___ Provided information ___

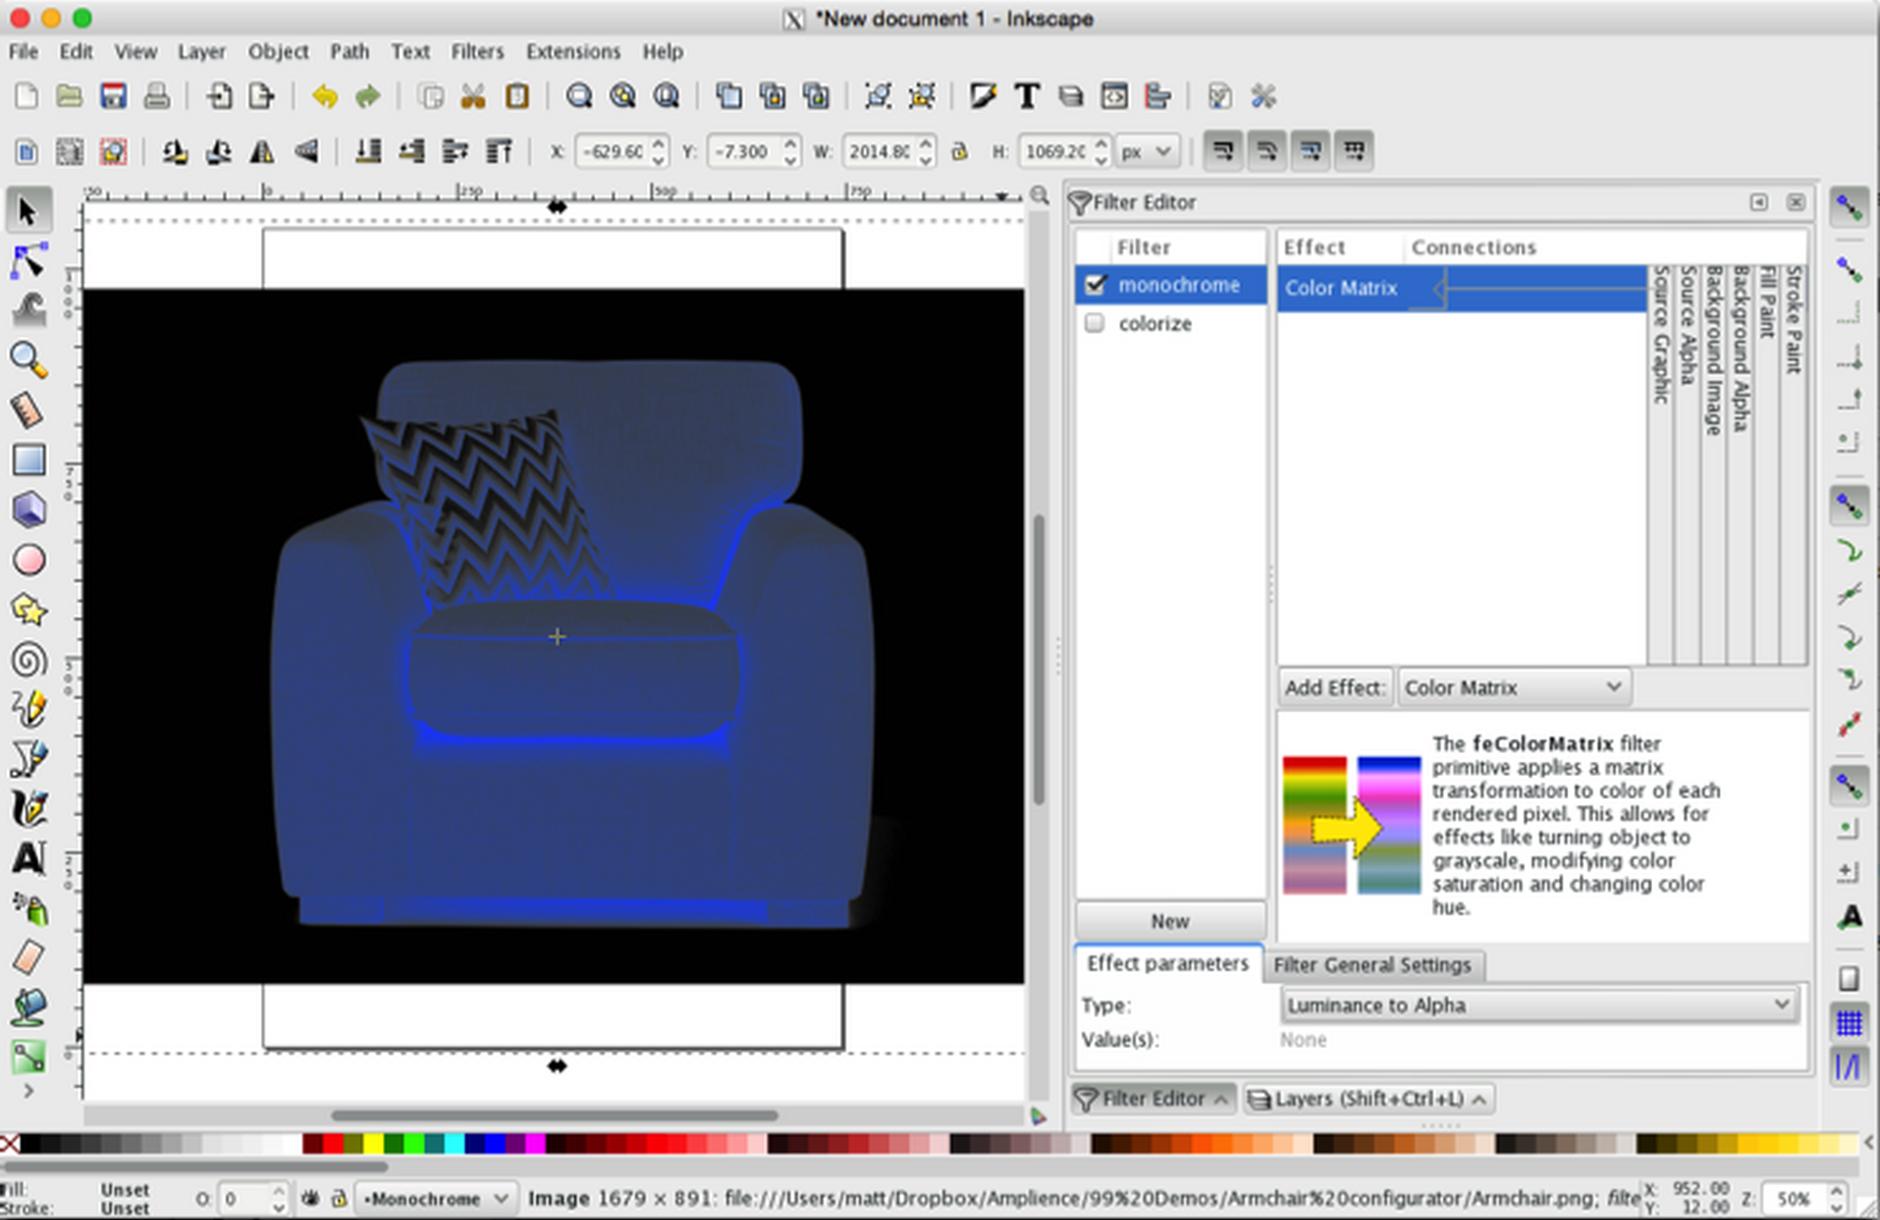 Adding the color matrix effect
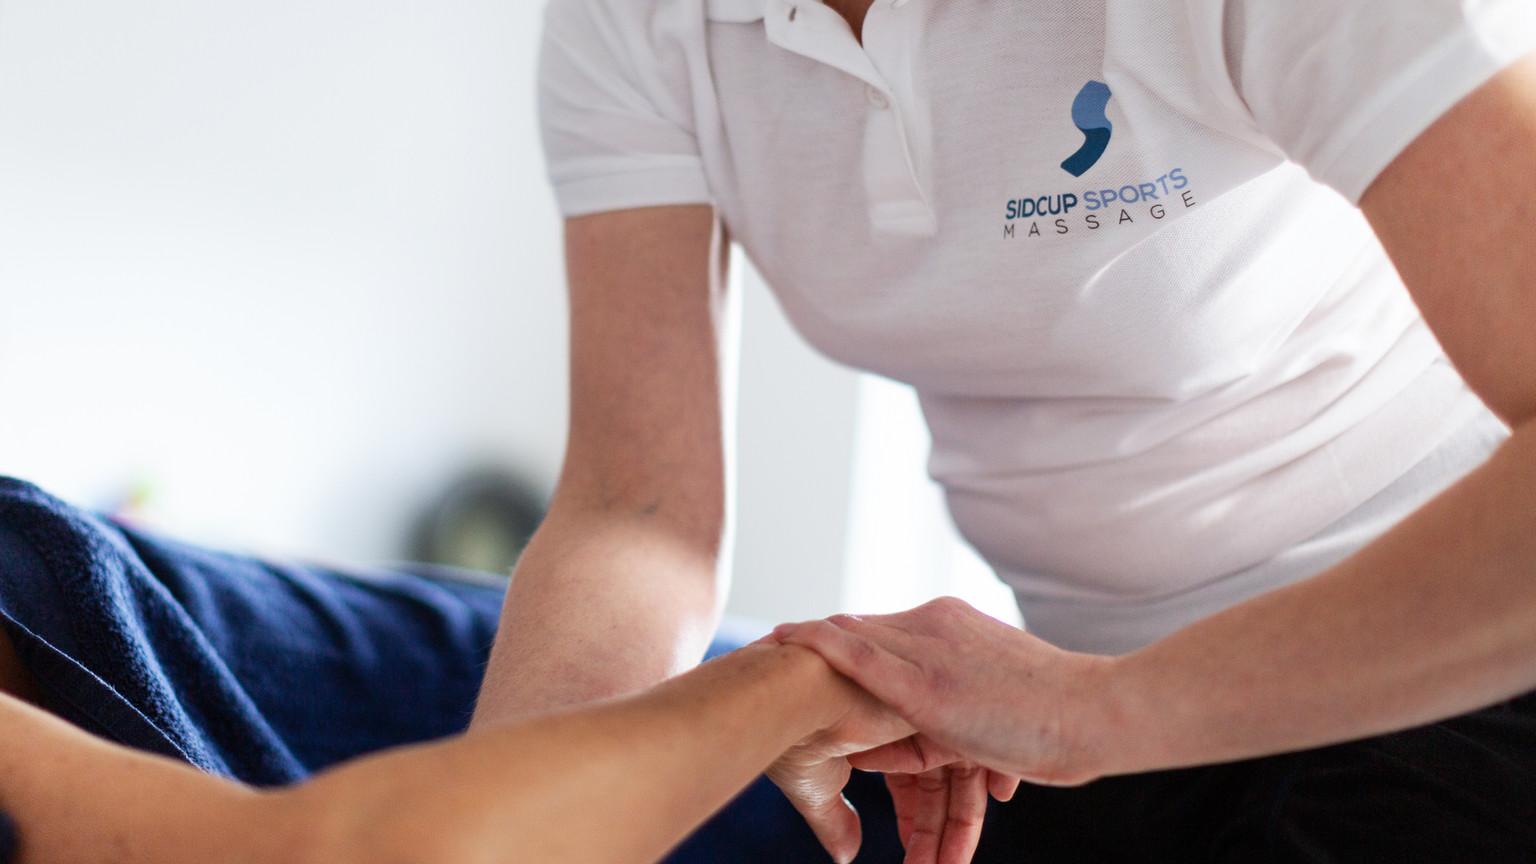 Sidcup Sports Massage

___
___ Provided information ___

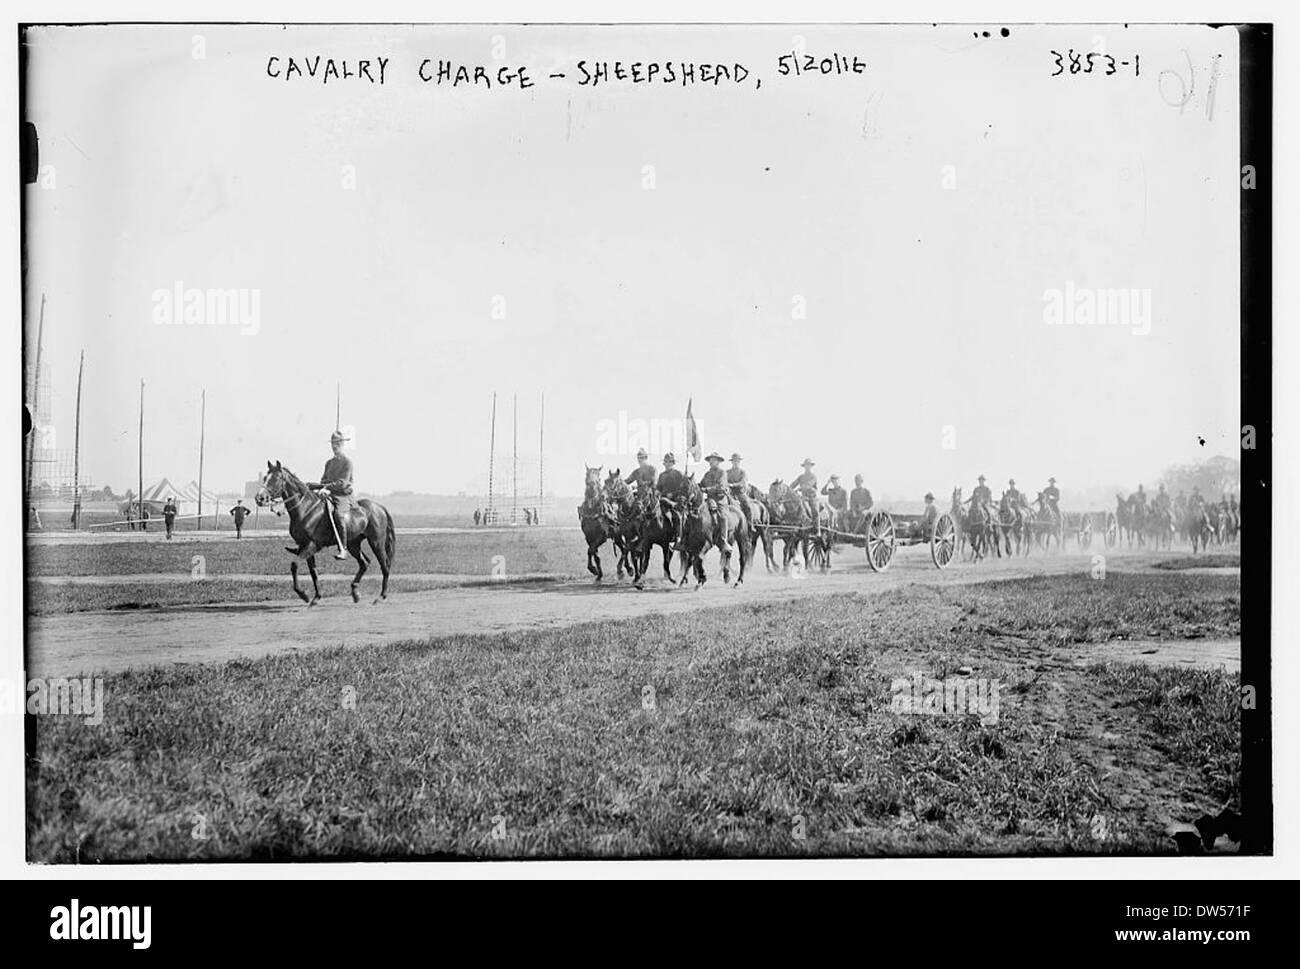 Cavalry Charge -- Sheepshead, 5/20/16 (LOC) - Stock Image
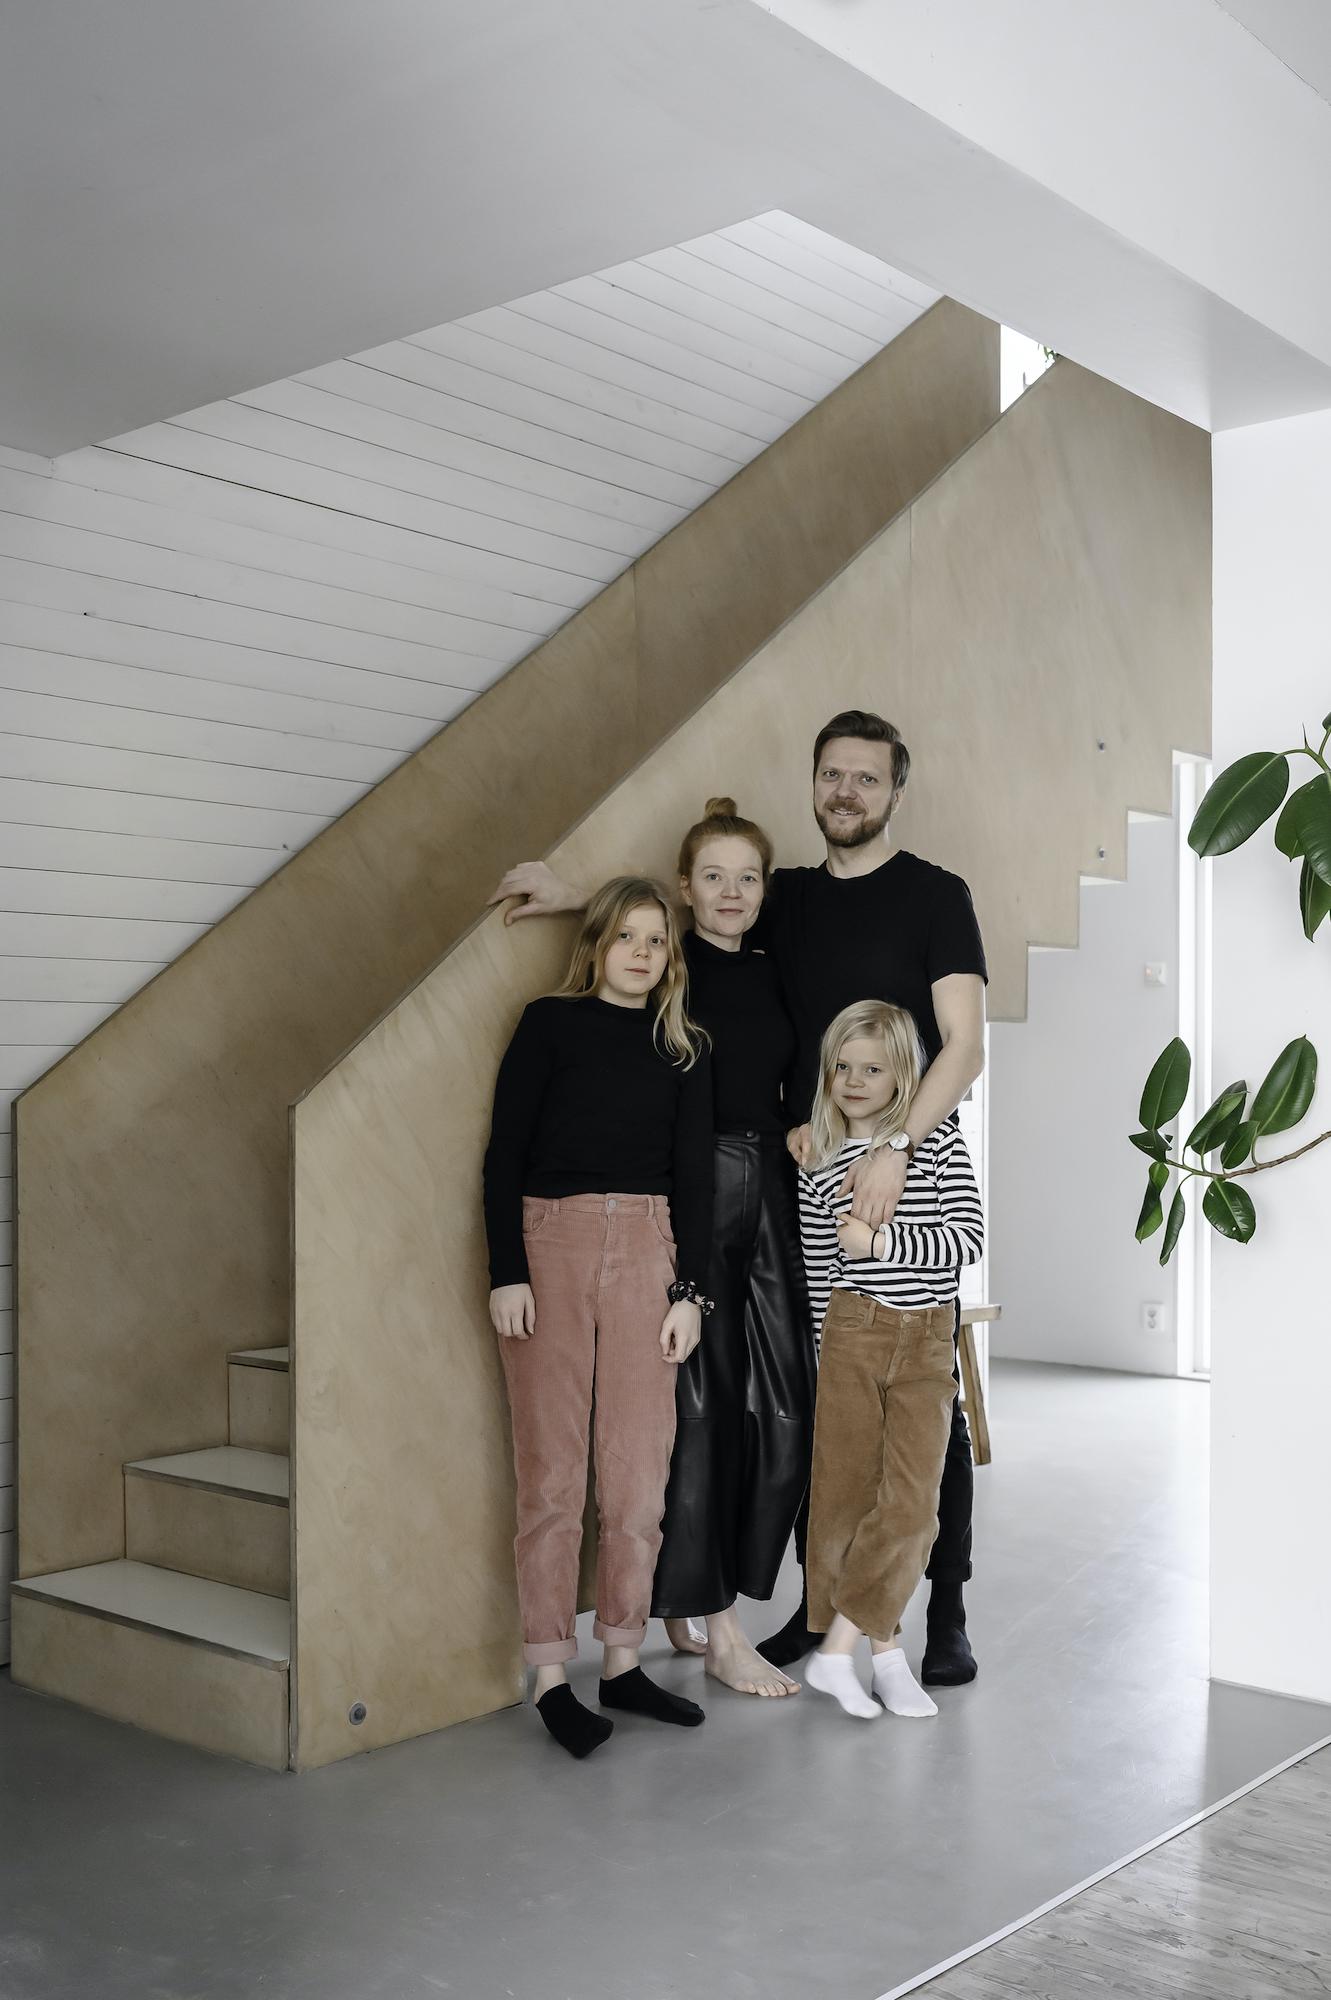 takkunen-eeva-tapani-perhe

___

> **About this exercise**
Although pictures appear among the entries, please set down only the lines from the one with "Cavalry Charge -- Sheepshead, 5/20/16" up to and including the one with "takkunen-eeva-tapani-perhe", word for word.

> **Exercise response**
 Cavalry Charge -- Sheepshead, 5/20/16 (LOC) - Stock Image
 takkunen-eeva-tapani-perhe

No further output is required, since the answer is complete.